The alternative – raising taxes on current workers by more than a third to fully fund both current benefits and investments into private accounts – would be massively unfair. Social Security is supposed to be a benefit people earn. If policymakers ask today’s workers to foot the whole bill for the amount today’s retirees underfunded their benefits, how can that premise possibly persist? It’s particularly problematic considering that seniors in the United States already have a higher income relative to their country’s workers than seniors in social democratic states like Sweden and Denmark.
The intergenerationally fair approach to Social Security reform would both increase revenues and slow the unsustainable growth of benefits. Because the current formula gives the biggest benefits to the people with the highest lifetime earnings, benefit reforms can reduce costs without jeopardizing retirement security for vulnerable seniors – preserving the program as a foundation people can depend upon.

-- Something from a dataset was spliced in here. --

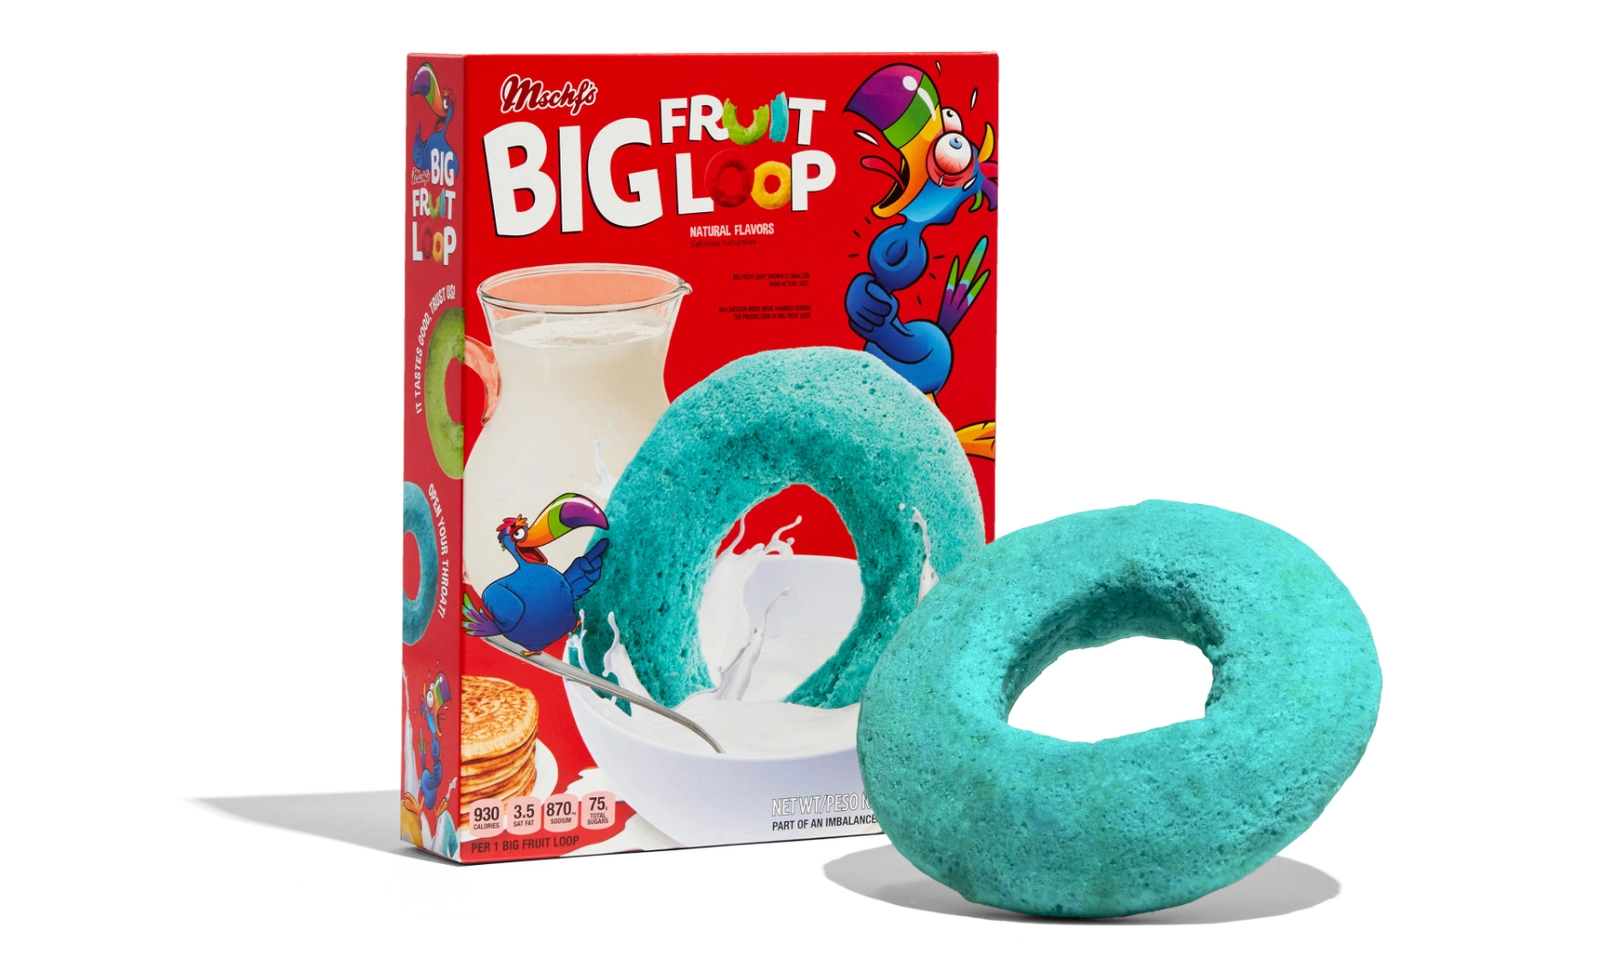 MSCHF 推出麦片产品「Big Fruit Loop」

For example, I have proposed that Social Security could – as one part of a balanced reform package – replace the practice of awarding higher benefits to people with higher lifetime incomes altogether. Instead of measuring one’s contribution to Social Security by how much income they paid taxes on, the program could award benefits based on how many years they worked. This change would avoid giving the biggest benefits to those who need them least, while maintaining the concept of Social Security as a benefit people earn through their work.
My proposal is just one approach to Social Security reform. Policymakers can choose a different mix of tax increases and benefit cuts to strengthen the program for current and future retirees. But privatization is not a get-out-of-hard-choices free card – it’s a dangerous gimmick that would jeopardize retirement security and our economy more broadly.